= YOUR OBJECTIVE =
Look through the data below and output, unchanged, every line from the one holding "Primer plano en" through the one holding "上海英施丹電器設備製造有限公司", inclusive. Skip the pictures.

= DATA SUPPLIED =
++++++++

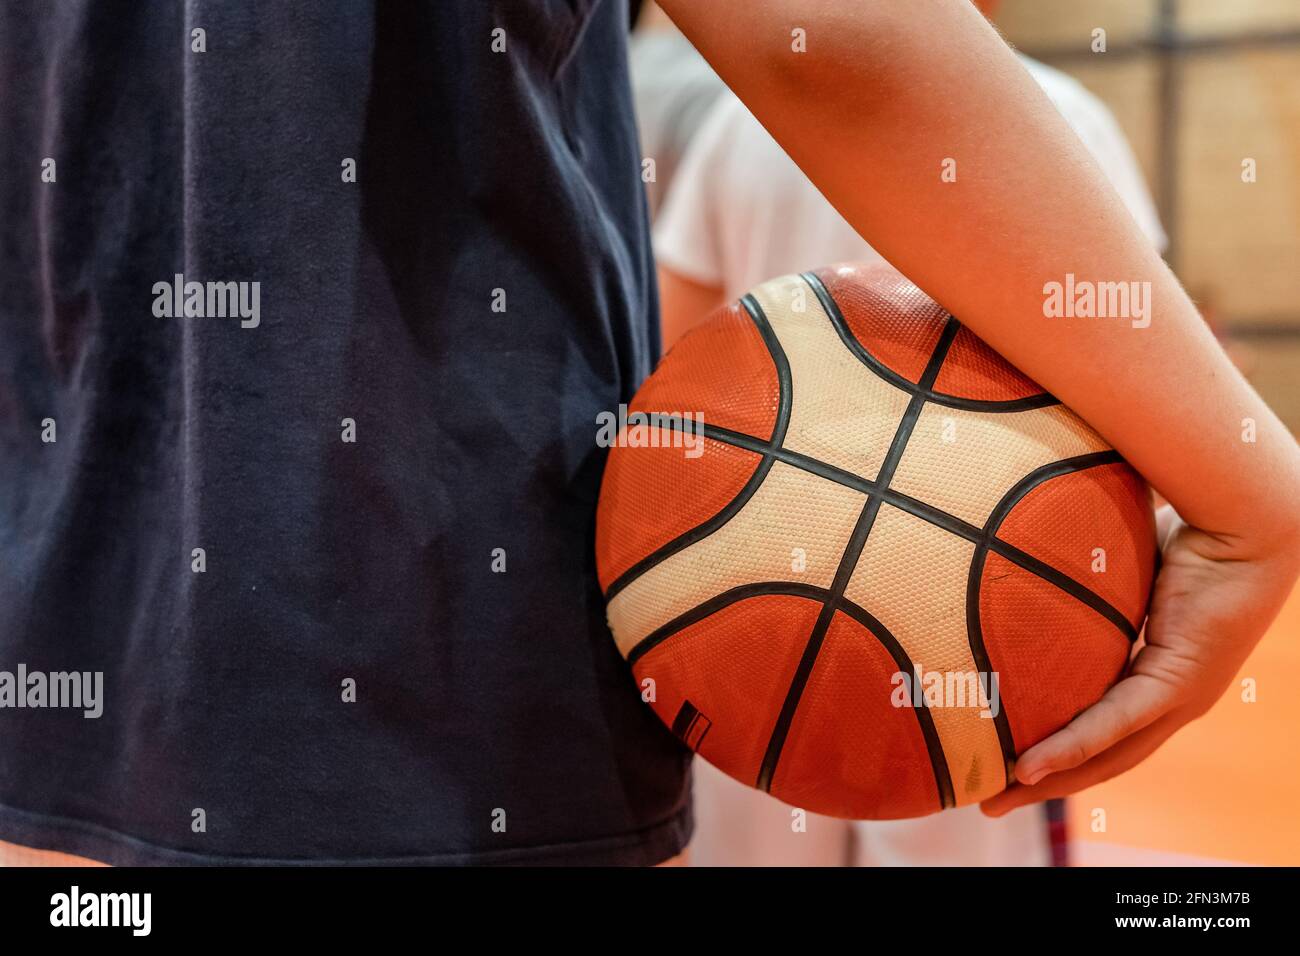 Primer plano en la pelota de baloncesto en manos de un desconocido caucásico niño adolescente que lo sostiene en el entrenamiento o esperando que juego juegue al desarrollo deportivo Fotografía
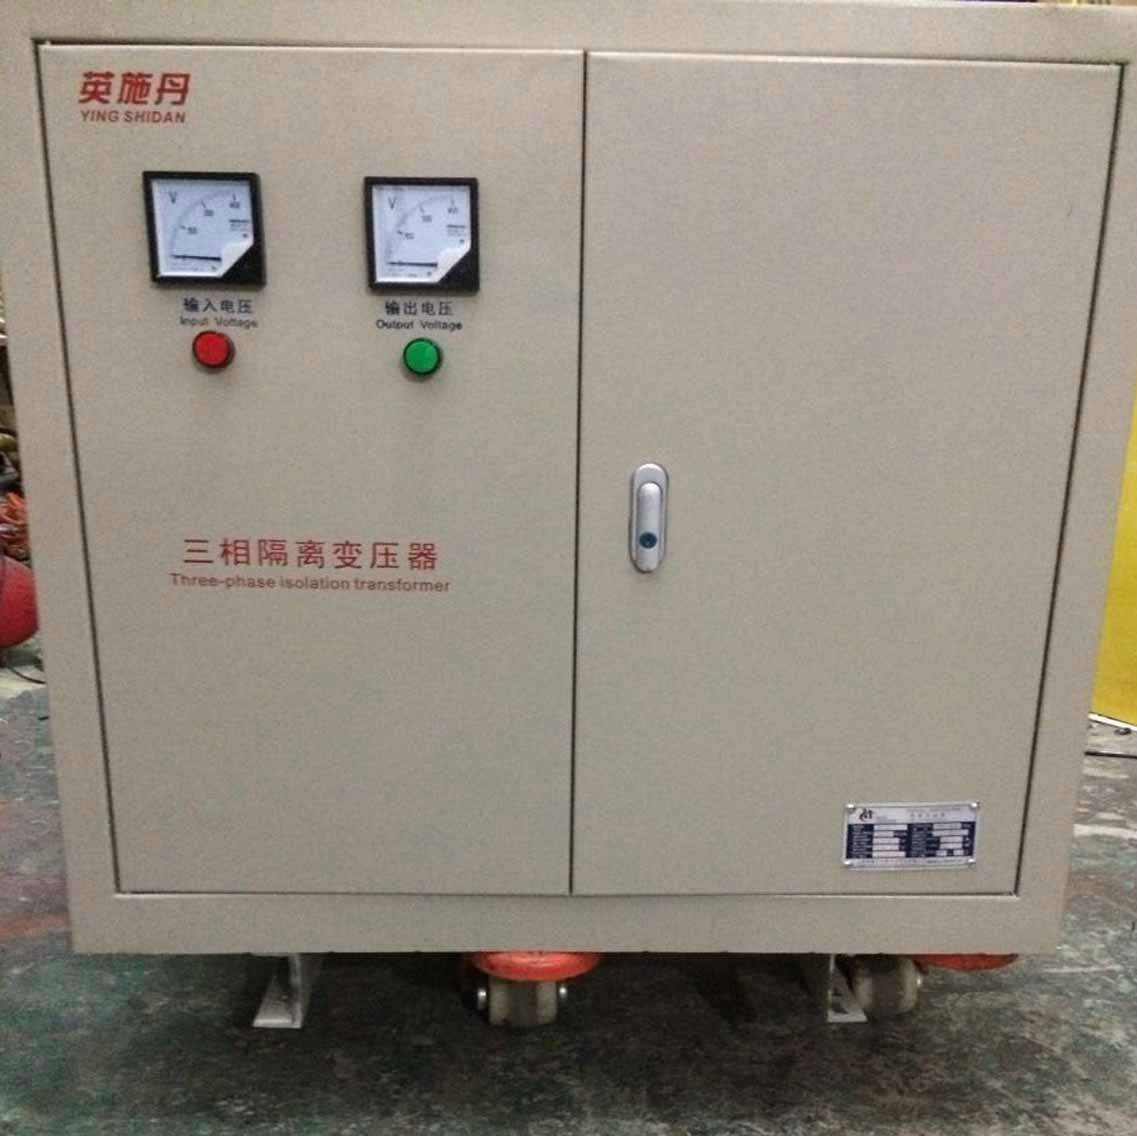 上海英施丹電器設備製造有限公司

++++++++

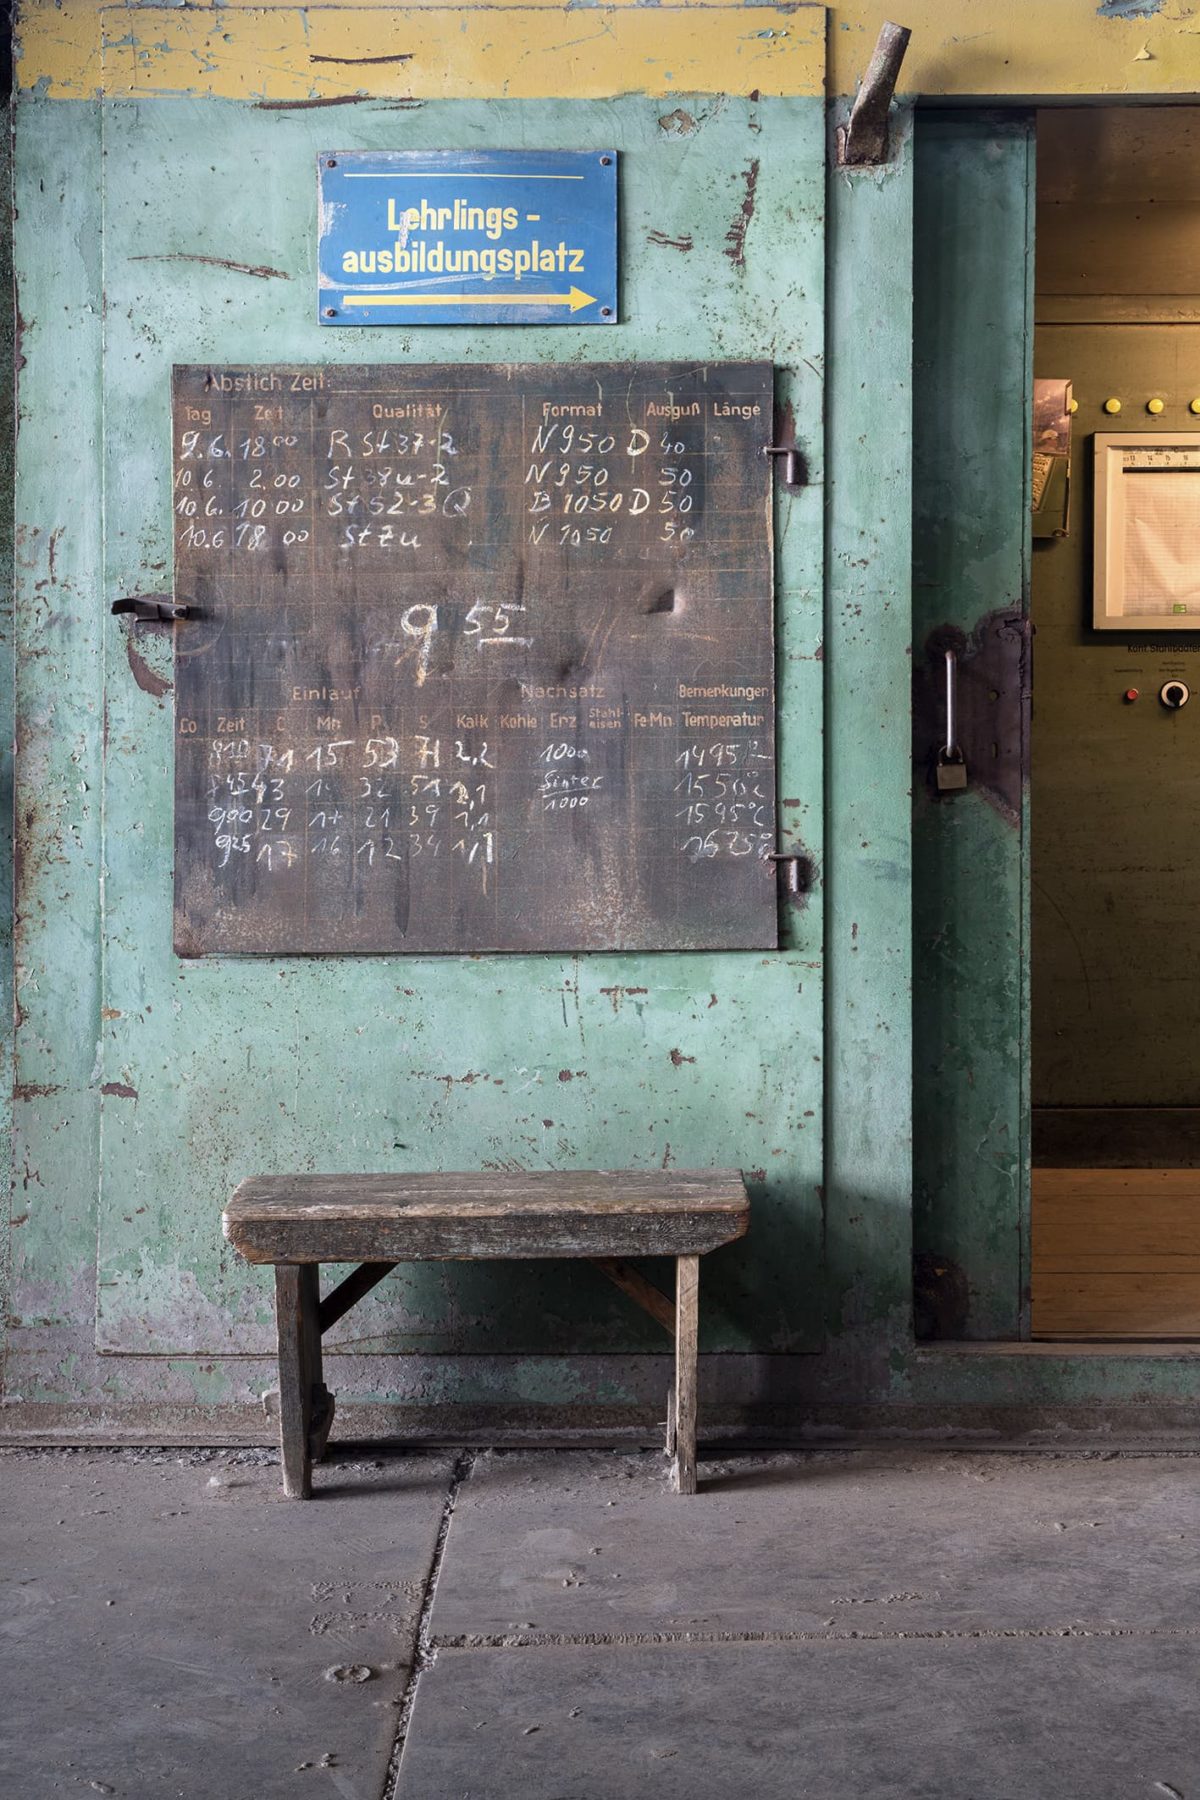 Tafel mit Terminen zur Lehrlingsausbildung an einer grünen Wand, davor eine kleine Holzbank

++++++++

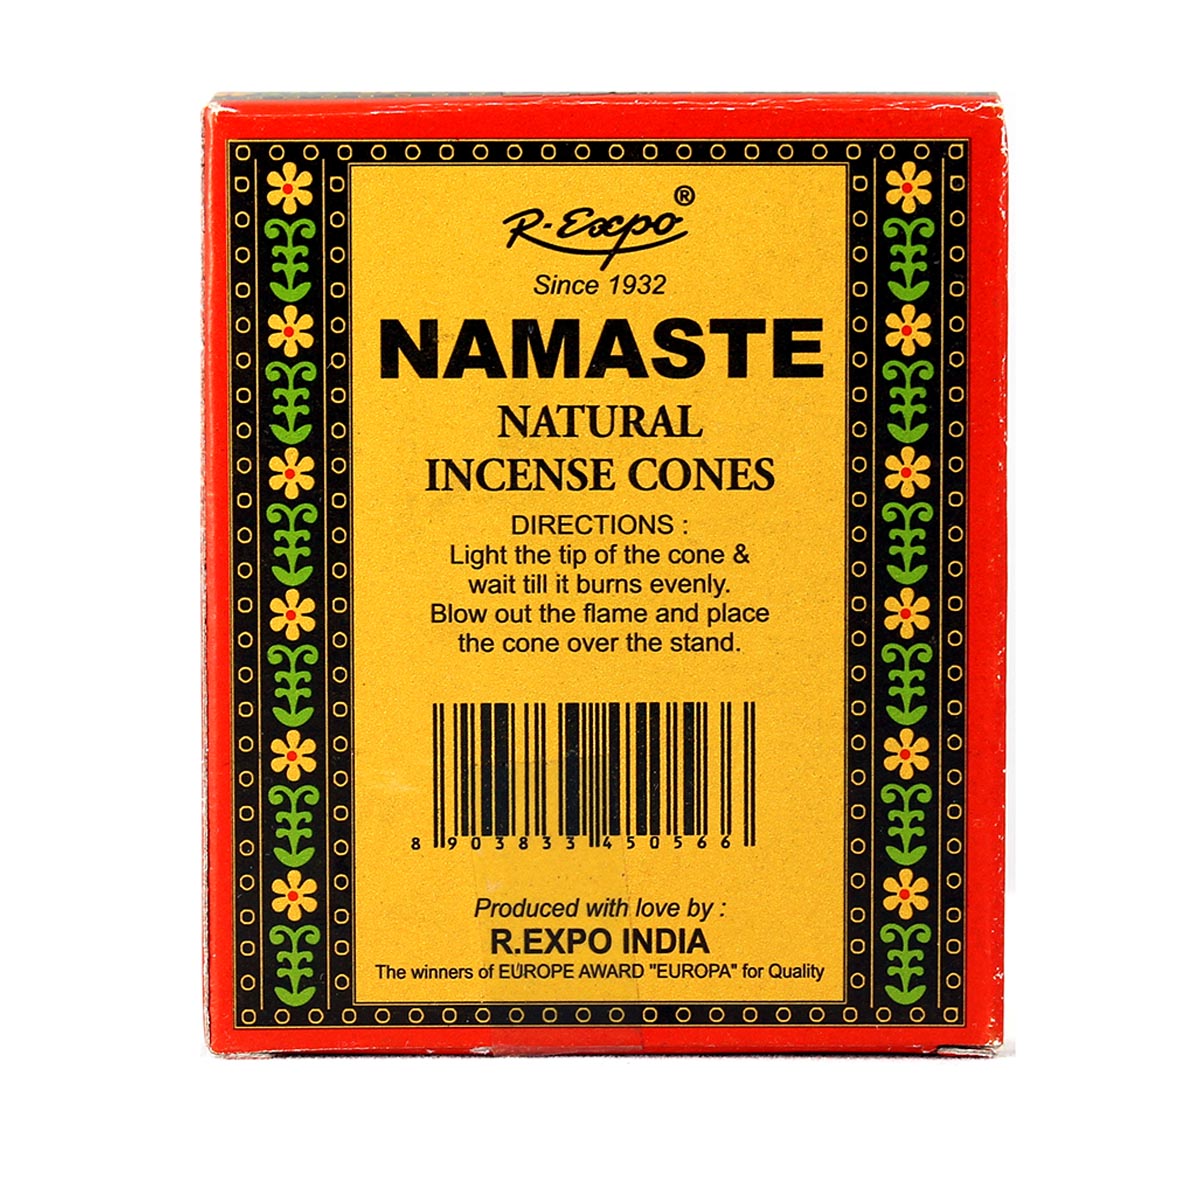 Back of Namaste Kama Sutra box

++++++++

= SOLUTION =
 Primer plano en la pelota de baloncesto en manos de un desconocido caucásico niño adolescente que lo sostiene en el entrenamiento o esperando que juego juegue al desarrollo deportivo Fotografía
 上海英施丹電器設備製造有限公司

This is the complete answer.